Active Directory is organized as a hierarchy of containers, and a small number of named pieces. Learn the pieces and how they nest, attach the security meaning to each, and the structure stops being jargon and becomes a map you can defend on. Take them from the inside out.
Domains, trees, and forests
A domain is the basic building block: a collection of users, computers, groups, and policy that share one administrative authority and one directory database, served by that domain's controllers. It has its own set of administrators, the Domain Admins, who hold full control over everything in it. The COMPANY\ in a login names the domain, and for most day-to-day purposes the domain is the unit people think in.

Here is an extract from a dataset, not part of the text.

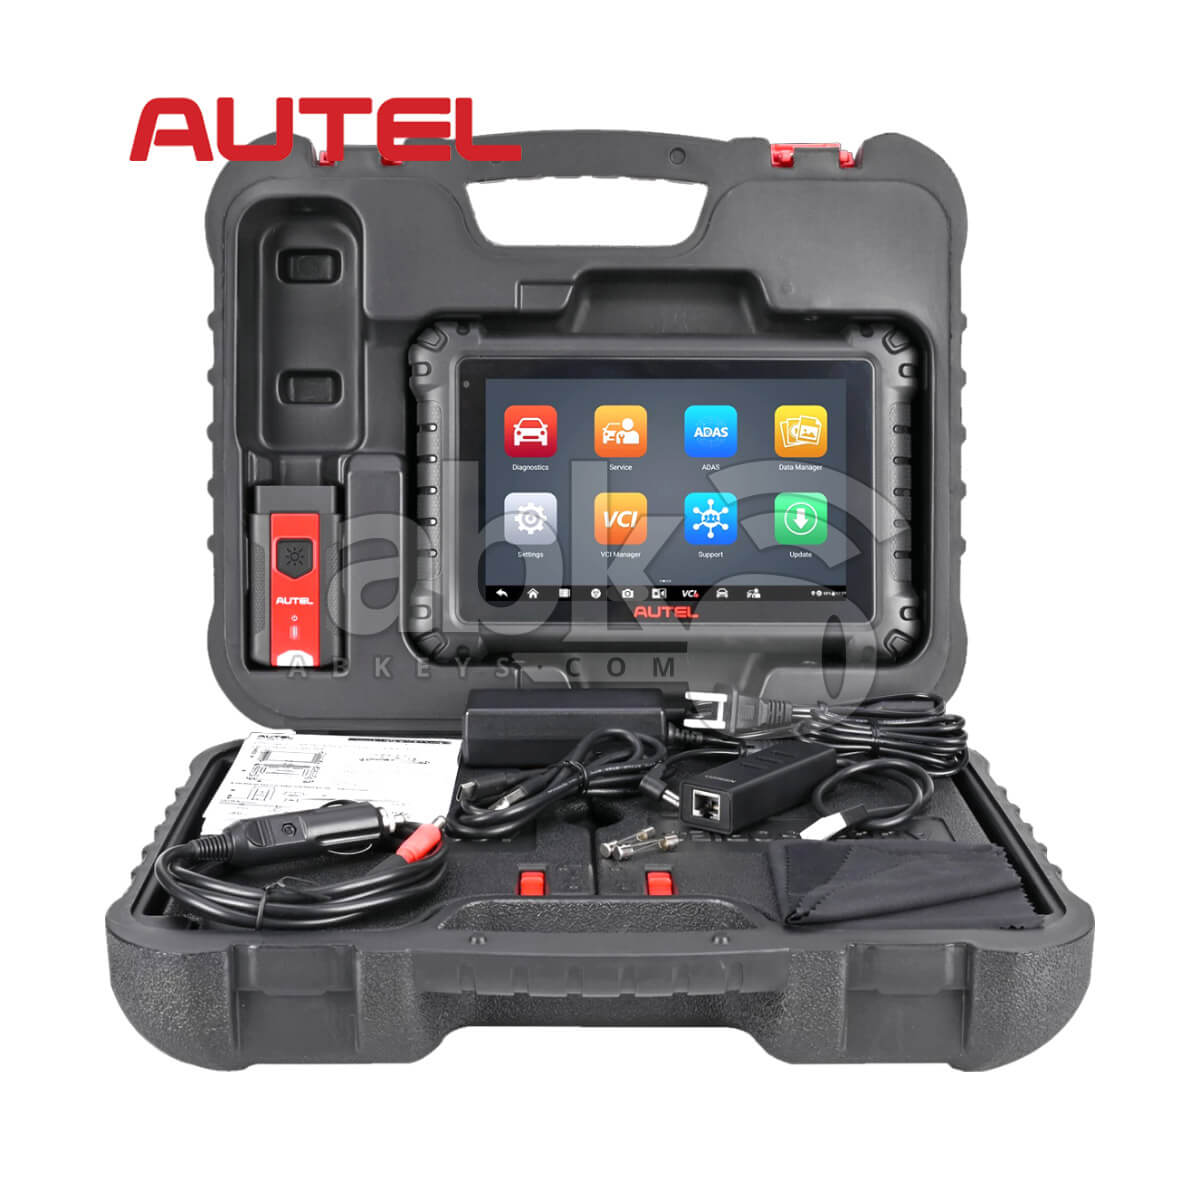 AUTEL MaxiSys MS906 Pro Auto Diagnostic Tools User Guide

A domain is also a boundary for a few things worth knowing. It has its own directory database and its own replication, so changes propagate within it. It carries its own security identifier, and every account in it has a SID built on the domain's. Its policy, applied through Group Policy, is scoped to the domain. The Domain Admins group is all-powerful within that domain but, in principle, only within it; their authority stops at the domain's edge, which is exactly the boundary the rest of this sub will complicate.
A tree is what you get when domains share a contiguous namespace. If corp.com is a domain and the business adds eu.corp.com and us.corp.com beneath it, those child domains and their parent form a tree, their names nesting the way the DNS names do. Child and parent domains are joined automatically by a two-way trust, so the tree behaves, in many respects, as one connected structure.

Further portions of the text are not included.